You've probably picked up on the fact that the caucuses are Thursday night; that's right, Bunky -- caucusers, like trick-or-treaters, only go out after dark. No daylong chance to vote.

Like trick-or-treaters, caucusers show up in relatively small numbers. Reuters news service noted that only 6% of the state's eligible voters took part in 2004. It should be higher this year, because the field is wide open and with a juicier roster of candidates, but seriously, when was the last time you cared what someone from Cedar Rapids thought about presidential selection?

I say this as a Midwestern boy. I grew up in Nebraska and have absolutely no bone to pick with Iowans. The state is indispensable, especially if you're driving from Omaha to Chicago.

Nor is it Iowa's fault that everyone descends on it. They just hold the caucuses; they don't make anyone show up.

But the candidates show up, early and often, and the press follows. Or is it that the candidates show up because the press says it's important? It's a chicken-and-egg thing.

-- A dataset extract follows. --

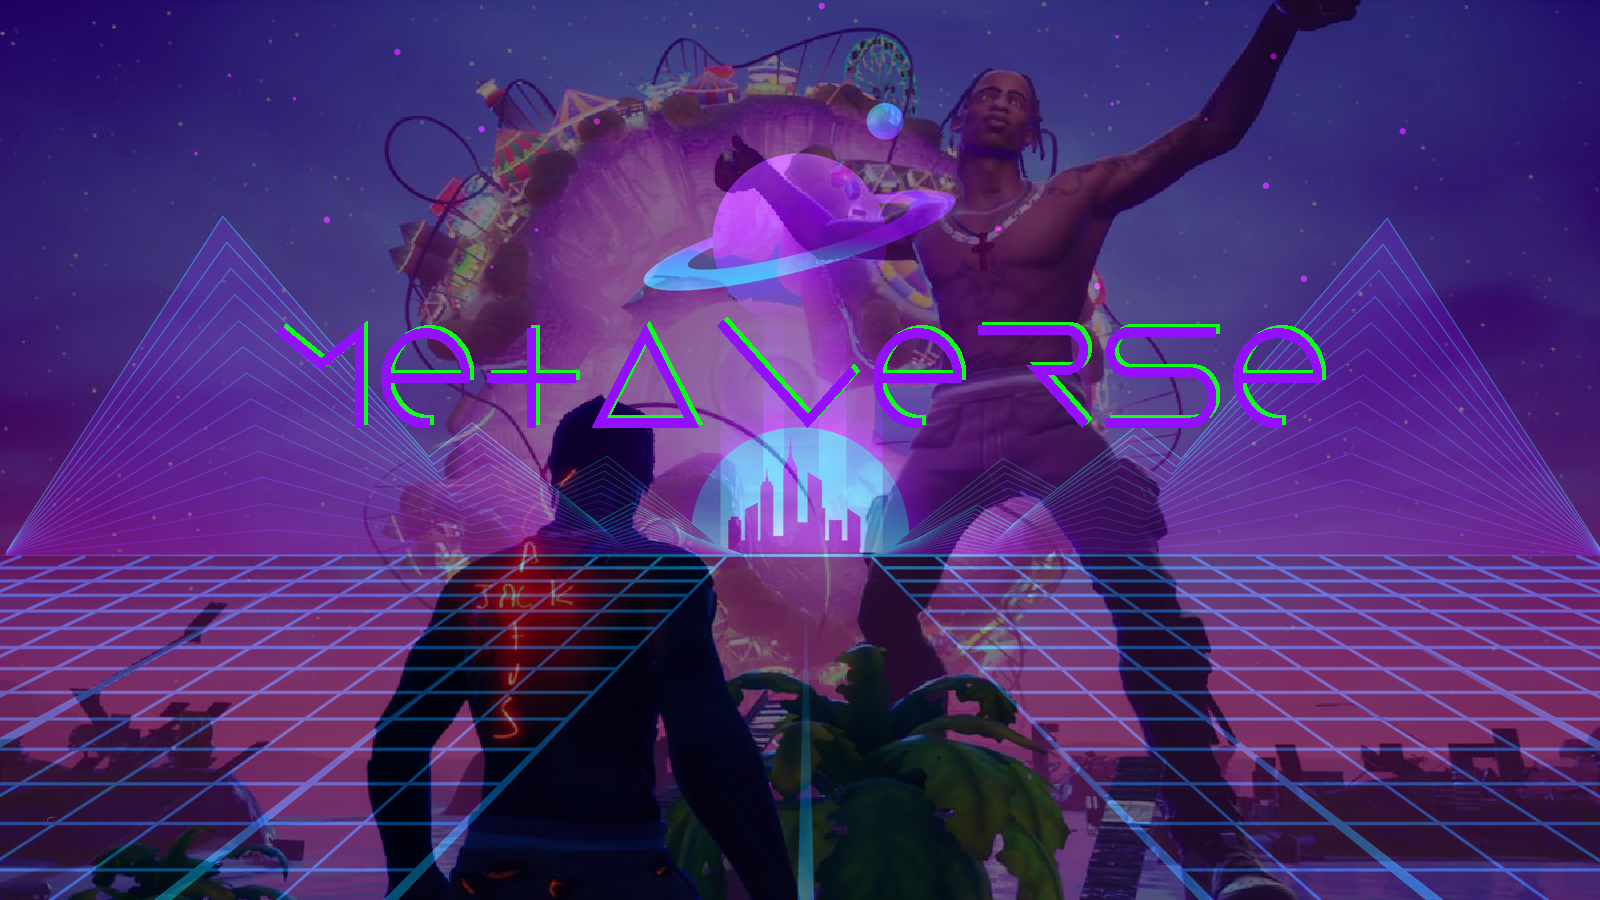 图片展示了一个男性形象站在带有“Metaverse”字样的虚拟现实背景中，周围有太空和科幻元素，彰显未来科技感。
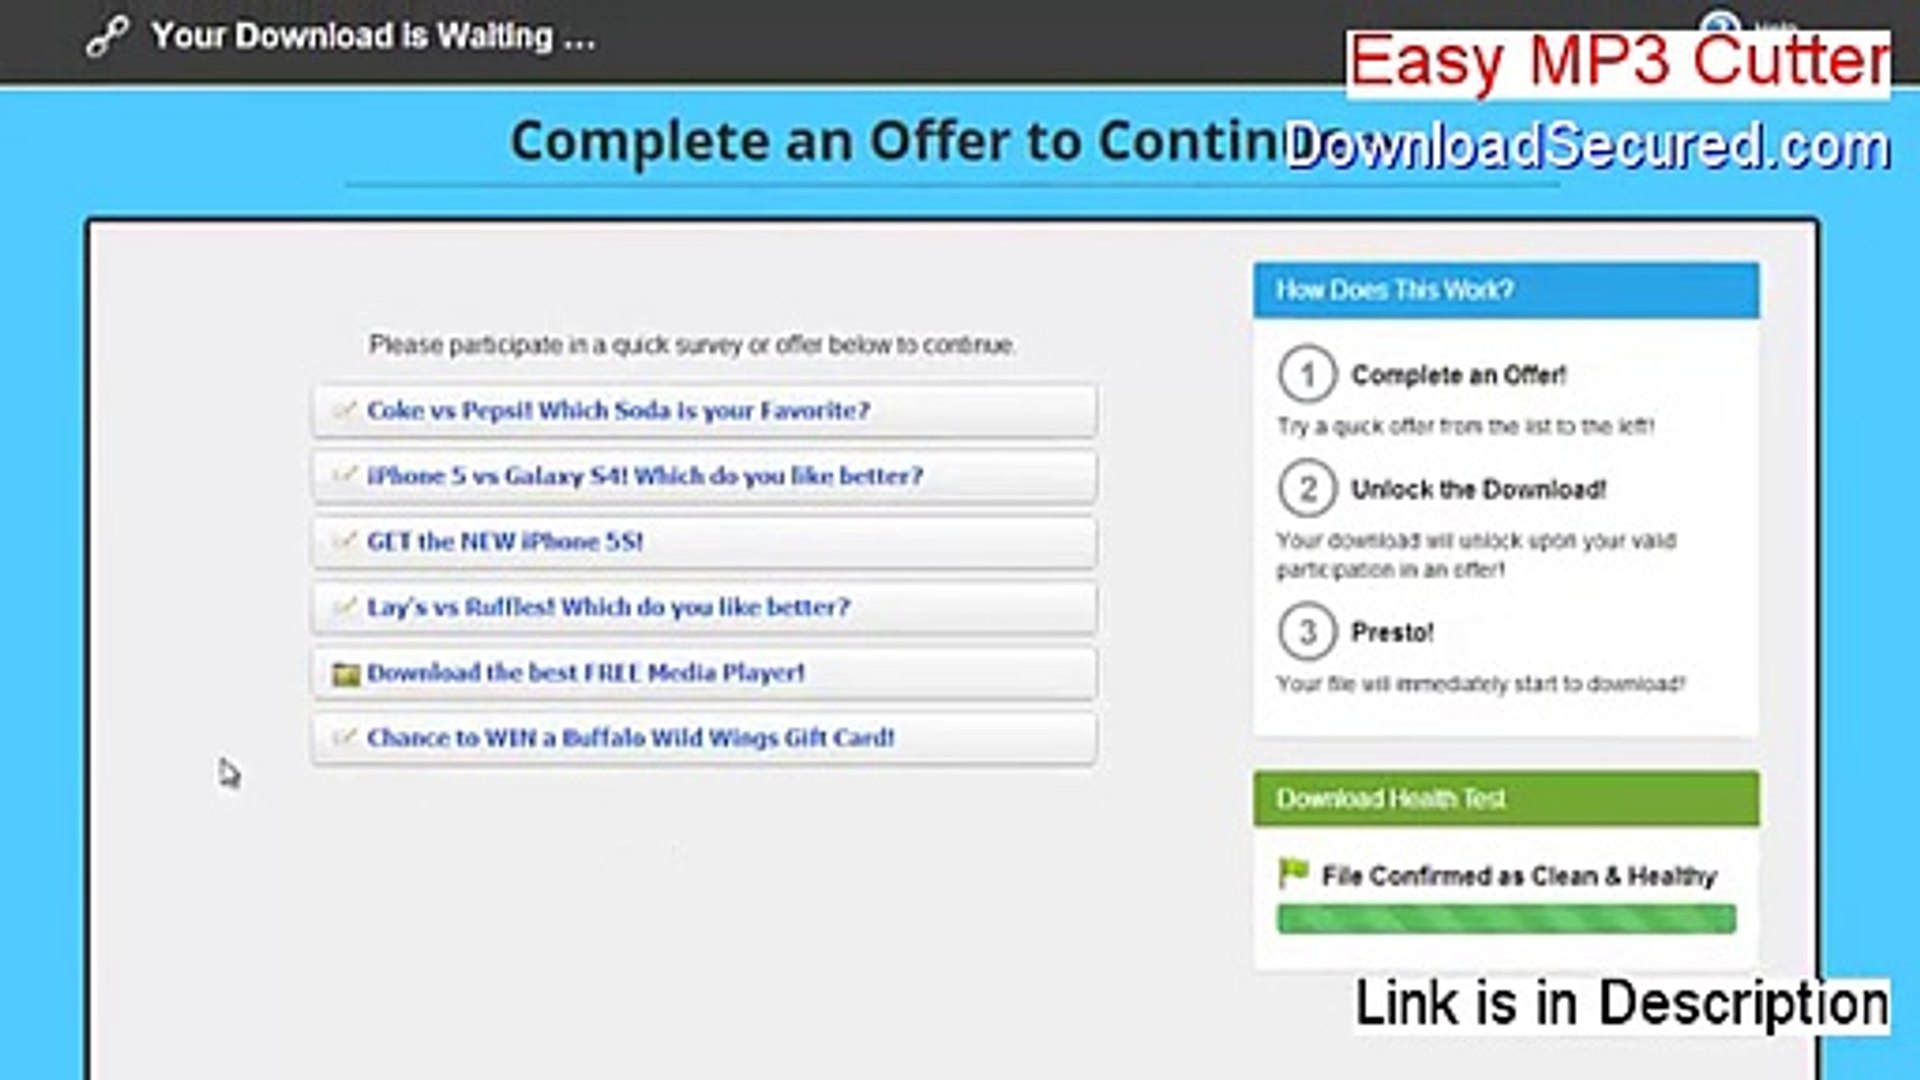 Easy MP3 Cutter Keygen - Legit Download 2015 - video Dailymotion

The Hawkeye State matters, we're told, because it stages the first candidate revue. Here's how "vital" Iowa is in the national scheme of things: It has almost the same number of people as Orange County.

Yet it's Iowa that separates the political wheat from the chaff.

The question is, why? It sure isn't because the candidates covet the state's seven electoral votes come November. In fact, does any candidate ever return to Iowa after caucus season?

They go to Iowa in the winter because they're supposed to. They have to.

They know that the political press wants to declare winners and losers, and no one wants to be left out.